Deux semaines plus tard, je faisais une deuxième thrombophlébite avec embolie pulmonaire. Cette fois-là, je savais ce qui se passait. La douleur dans ma jambe ne laissait aucun doute. Débutée un samedi, la phlébite m’inquiétait énormément mais j’étais prise dans un congrès à l’extérieur de la ville durant tout le weekend. Dès le lundi matin, j’ai été me faire examiner à l’urgence. On m’a dit que c’était un phlébite superficielle, de surveiller le tout et de revenir à l’hôpital si des malaises se faisaient sentir. Durant les jours et nuits suivants, j’ai vécu l’horreur, convaincue que je ne me réveillerais pas, qu’une embolie m’emporterait. Le jeudi matin, à mon travail, j’ai avisé mon patron que je quittais pour l’hôpital, que j’étais trop inquiète. Un bénévole est venu me reconduire.

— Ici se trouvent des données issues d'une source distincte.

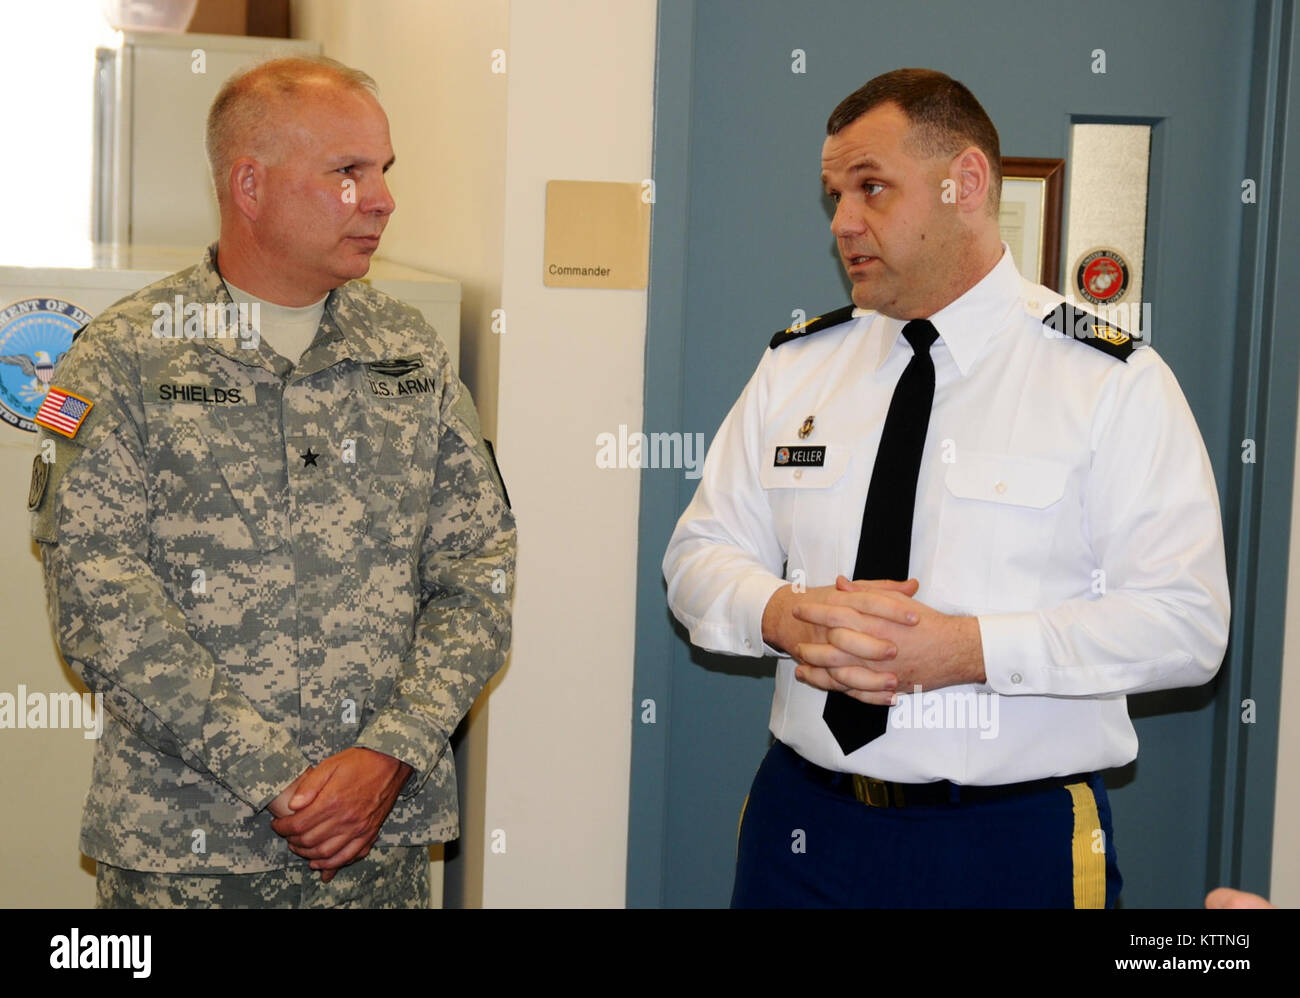 ALBANY, N.Y.-- First Sgt. Jason Keller, Senior Enlisted Advisor for the Albany, N.Y., Military Processing Station (MEPS) guides Brig. Gen, Raymond Shields, Director, Joint Staff, New York National Guard, on a tour of the station Feb. 25, 2013. Stock Photo

Une fois rendu à l’urgence, on n’a pas semblé très disposé à prendre mes craintes au sérieux. Puis, un urgentologue m’a examinée et interrogée. Il m’a demandé, entre autre, si je ressentais un serrement dans la poitrine, semblable à de l’angoisse. Je lui ai répondu que, oui, j’étais angoissée, et que, oui, je ressentais un serrement. Mais était-ce pour autant une embolie ? Je ne le savais pas… Tout de suite, il m’a prise au sérieux et m’a fait entrer dans l’urgence pour me stabiliser (moniteur cardiaque, anticoagulation par héparine, puis examen pulmonaire (Taco), qui a confirmé que j’avais plusieurs caillots au poumon droit.)

J’ai passé 24h à l’urgence et on m’a appris qu’en raison de ces 2 thrombophlébites avec embolies, je serais désormais anticoagulée pour le reste de mes jours. J’ai beaucoup pleuré et je me suis apitoyée, en grande partie parce que je savais que ma carrière de « cavalière » (équitation classique) était compromise, pour ne pas dire terminée…

Suite à tout cela, on a découvert que j’avais une maladie du sang génétique, héréditaire et incurable, le déficit en Protéine C. En résumé, mon sang a un défaut, il produit des caillots. Ce défaut du sang occasionne des embolies, mais cause également des fausse-couches car ces « caillots » bloquent les vaisseaux sanguins qui alimentent le placenta. Et si le bébé survit, il risque d’être de petit poids car il n’aura pas été bien alimenté. Bien entendu, les risques de phlébites sont accrus pour la mère, sans compter les autres complications possibles…

Aujourd’hui, en 2012, je suis toujours anticoagulée par héparine, j’ai repris l’équitation, mais je n’ai toujours pas d’enfants. Certains médecins m’ont dit que la vie m’avait sauvée 2 fois, de ne pas prendre de risque inconsidéré. D’autres m’ont dit de ne pas avoir peur, d’avoir une belle grossesse sans inquiétude.

Qui dit vrai ?

En attendant, je remercie la vie chaque jour de m’avoir laissé des chances, et je tâche d’apprécier les petits bonheurs qui se présentent.